Monetary Authority of Singapore Issues AML/CFT Guidelines
Singapore’s central monetary authority issued a new set of guidelines for digital payment token service providers on March 16.
Some countries have been late to the party when it comes to recognizing and regulating digital assets. The first time that Singapore’s central bank issued a framework for the regulation of payment-related activities was on Jan. 28 with the Payment Services Act.
However, the Monetary Authority of Singapore (MAS) still saw the potential risks that digital assets could pose to the economy, such as money laundering and financing terrorism. As part of the effort to address this, the MAS issued a notice on Dec. 5 regarding the ”Prevention of Money Laundering and Countering the Financing of Terrorism”.
The notice detailed anti-money laundering (AML) and countering the financing of terrorisrm (CFT) requirements for digital payment token service providers — including risk assessment and risk mitigation, customer due diligence, reliance on third parties, correspondent accounts and wire transfers, record keeping, suspicious transaction reporting, and internal policies.
New guidelines for digital payment service providers
On March 16, the MAS clarified their previous notice with a new 73-page set of guidelines for digital payment token service providers.

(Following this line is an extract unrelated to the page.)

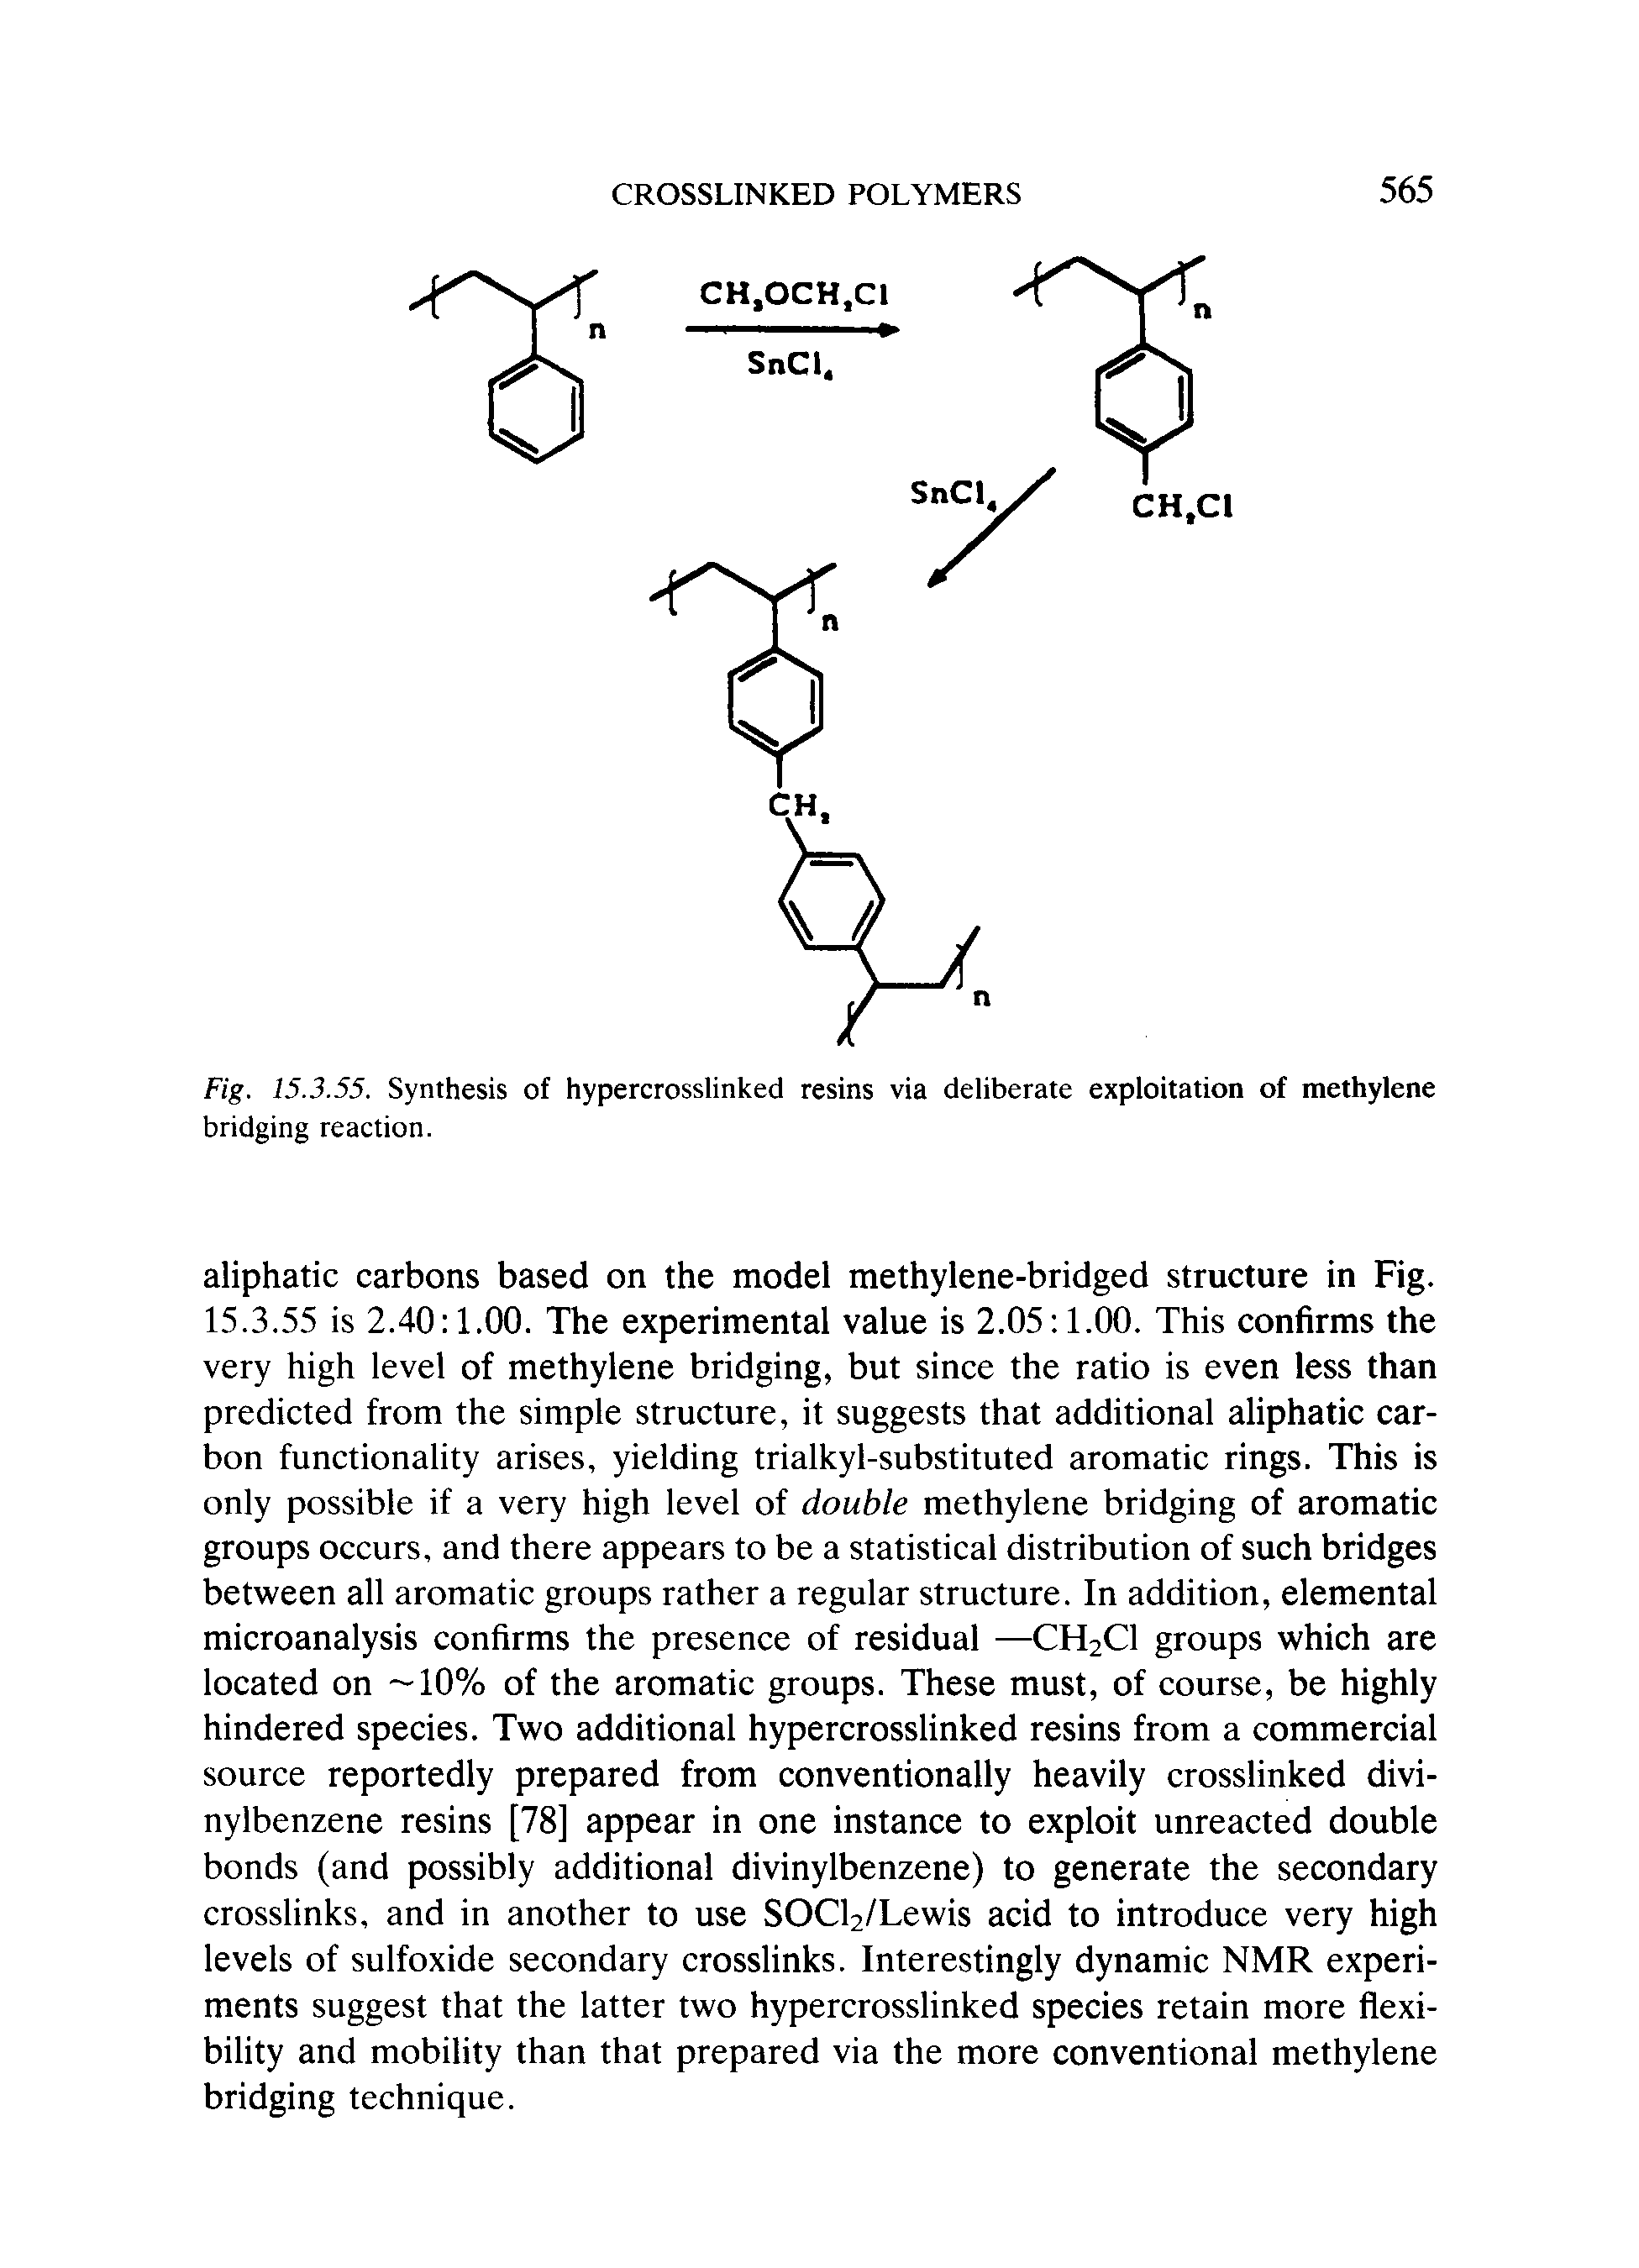 Fig. 15.3.55. Synthesis of hypercrosslinked resins via deliberate exploitation of methylene bridging reaction.

“Recent rapid technology improvements has [sic] a far-reaching impact, including in the world of payments. Enhancements in financial technology in particular, has opened up new opportunities for faster and more efficient payment methods. However, these new payment methods also give rise to new money laundering (ML), terrorist financing (TF), and proliferation financing (PF) risks.”
In particular, Singapore’s central monetary authority recommends tracing previous transactions of tokens ”as far back as necessary” to determine if there were any suspicious circumstances.
Singapore’s relationship with digital currency
The MAS has been a good example of a central bank honoring digital currencies while designing a rather benign regulatory framework that does not automatically discriminate against users and service providers.
“MAS’ surveillance suggests that virtual assets activity in Singapore has increased from a low base in recent years. Speculative trading of virtual assets on exchange platforms hit a peak in early 2018 with the rise in virtual assets market capitalisations, although the monthly trading volumes are less than 1% of those on the Singapore Exchange. Initial coin offerings (ICO) also gained popularity as a means for issuers to raise capital.”
Though Singapore’s Payment Services Act recognized “the potential ML/TF risks with regard to virtual assets”, most regulations put forth by the MAS have been characterized by many in the crypto industry as flexible and forward-looking.
Singapore inviting blockchain-based businesses inside
While the country is now actively developing a framework to attract crypto businesses, the MAS acknowledged that they were late to the party, and compromised only a small percentage of digital assets.
“It is also noted that despite Singapore’s FinTech hub status, virtual assets activity in Singapore forms a small portion of global activity, and is not material compared to traditional financial activities in Singapore’s financial system.”